Just as with our recent set on cheap and free music, Truly Obscure supports the idea that the best things in life are (mostly) free. Once you’ve paid for the computer, internet access, and the education that allows you to enjoy it all- well, you might as well get your money’s worth.

Of course, we like to keep it legal- we’re not promoting piracy here, people! But we have to admit that there are few things more annoying than paying for yet another copy of Dante’s Inferno when it’s checked out of the library and you’ve yet again sold it for pennies on the dollar to the bookstore- and once again a professor asks you about the rings of hell. Hasn’t someone put that damned book where it belongs… online?

Yeah, actually, they have. For free. In Italian or English or German or Finnish, or Friulano. It’s even illustrated, thanks to the miracles of public domain, scanners, and people with too much time on their hands. Project Gutenberg is an ambitious attempt to scan, catalogue, and make available thousands of works whose copyrights have expired or whose authors have voluntarily forgone some rights.

The current library consists of about 16,000 books, all of them downloadable, in a variety of formats. They work on older computers, Macs, even PDAs. And they have works from a variety of languages, though most are in English.

A recent look at their top 100 books was interesting. Leonardo Da Vinci’s notebooks are at the head of the list, followed by The Art of War, The Kamasutra, War of the Worlds, and everyone’s bloomin’ favorite Ulysses at lucky number 13. But maybe those books are too stuffy, or too old for you- author Cory Doctorow has posted his recent science fiction novels under a Creative Commons license and they can be found at Project Gutenberg as well.

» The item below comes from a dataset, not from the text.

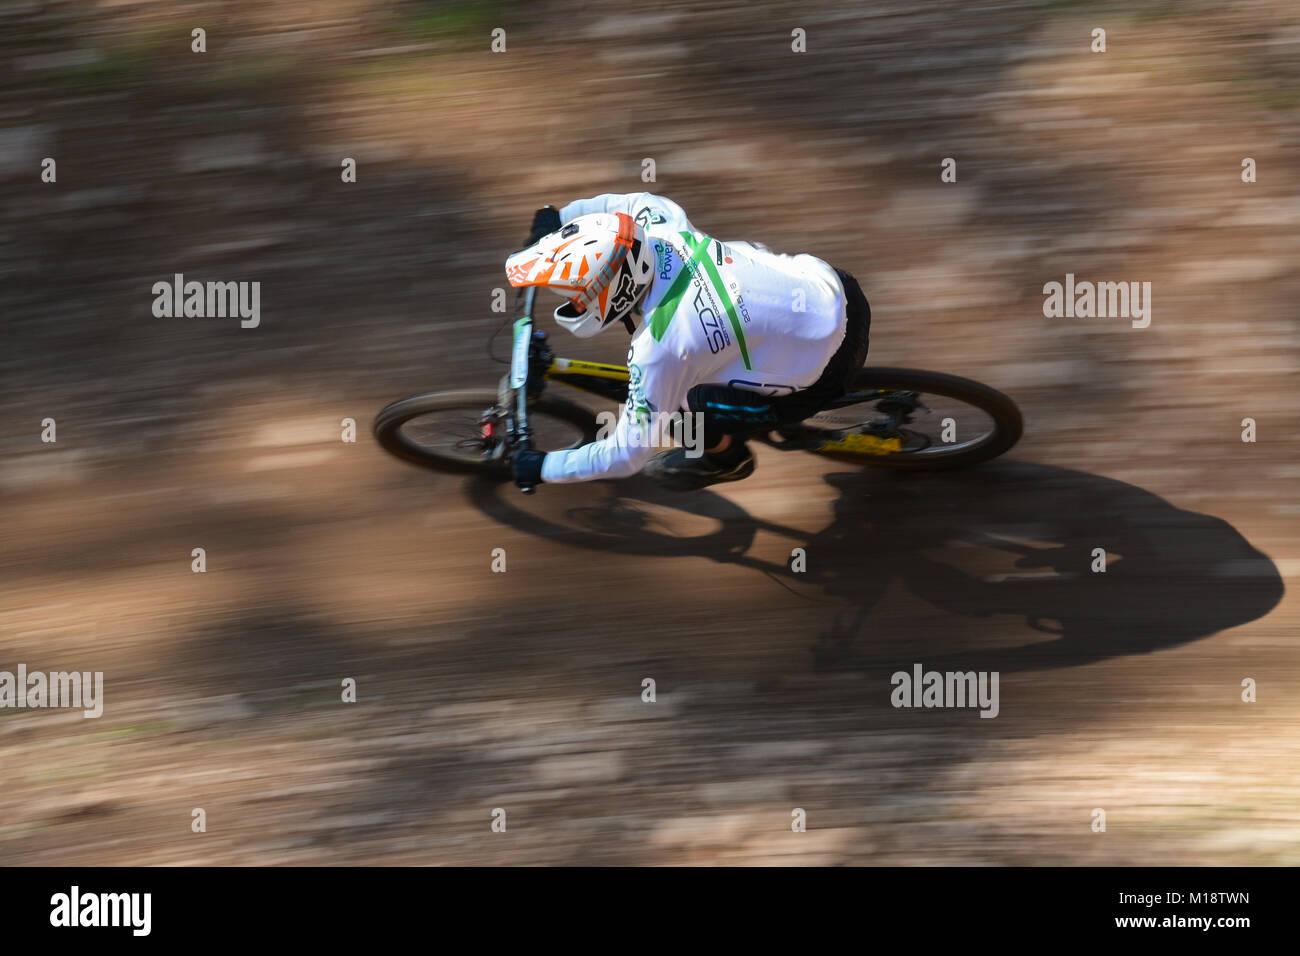 Downhill mountain biker with SDA Academy shirt - Stock Image

Perhaps neatest of all, they even offer some audiobooks. 368 of them were computer generated, and while listening to Aesop’s Fables sounds great, the very synthetic voice just doesn’t lend itself to oral storytelling. On the other hand, the 31 human-read books are kind of neat, especially if you’ve never found the time to read The Rime of the Ancient Mariner. Though there are problems and static with some of the files, audiobooks seem like an excellent resource for those of you who have some room left on your iPod.